Профессор Стьюарт поднялся с явным намерением удержать своего помощника, но Даня сказал веско:
— Всего пять минут, господа. Это в общих интересах. Весьма срочно… — и выволок Алекса за дверь.
“Халатники” в приемной, конечно же, уставились на них и рты поразевали. Но не зря же Даня провел в лабораториях полторы тысячи рабочих дней и ночей. Знал он место, куда даже комиссии Госпожнадзора не добраться.
Щитовая с пиратской эмблемой на двери, за нею, если бочком протиснуться между рядами ячеек, — еще дверь, безномерная и безэмблемная, ведущая в каморку, где уборщицы временами прячут швабры и веники, а электрики — инструмент.

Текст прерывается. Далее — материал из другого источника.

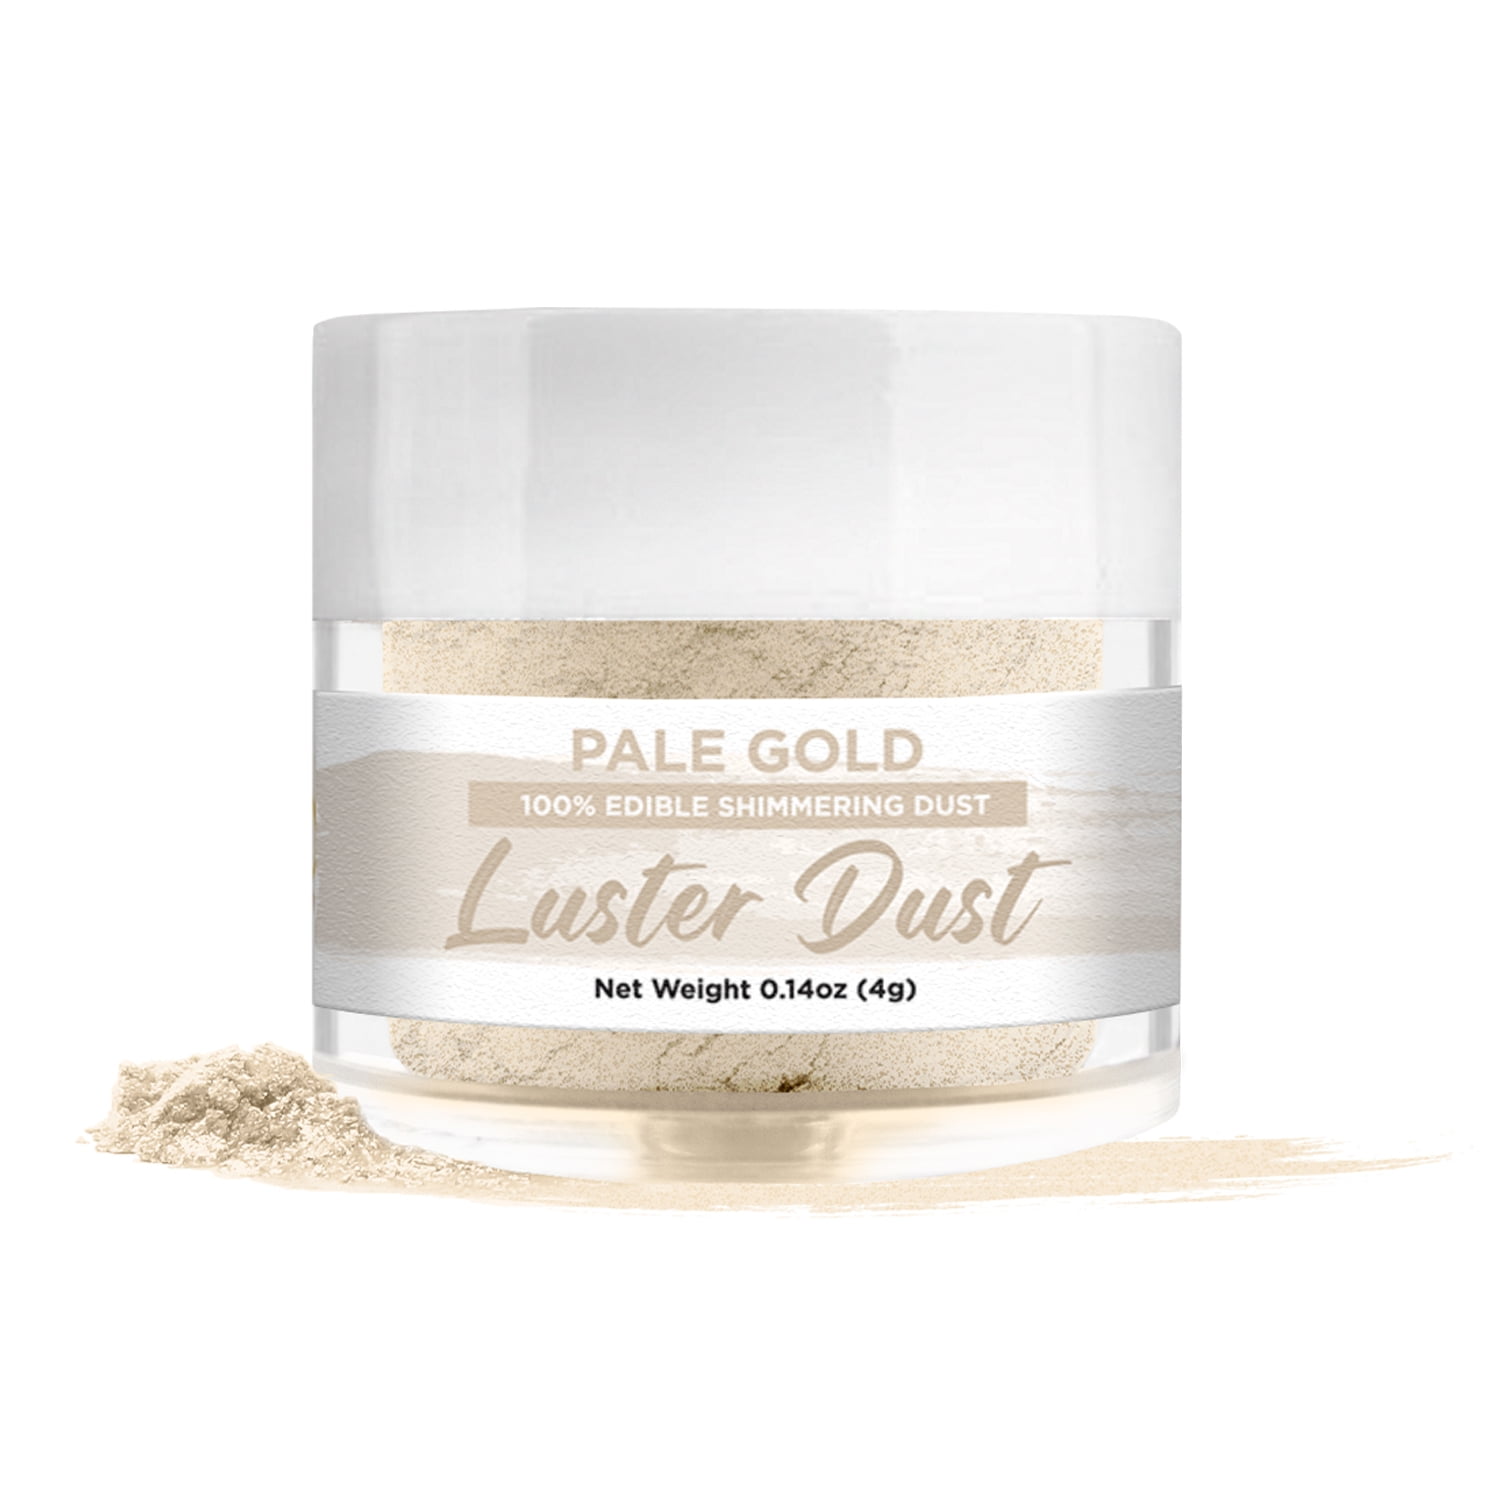 What Is Luster Dust?

Не комфорт, но вдвоем поместиться можно и даже раскрыть половинку окна и покурить.
— Так что произошло?
— О, нет, ты меня неправильно понял. Ничего такого не произошло. Но ты знаешь, все главное происходит вот здесь, — и он указал пальцем на висок. — Все по-прежнему, только мисс Тата, как мне кажется, на вас обижена. Я так понял. Но есть одна мысль, и я не могу не сказать тебе…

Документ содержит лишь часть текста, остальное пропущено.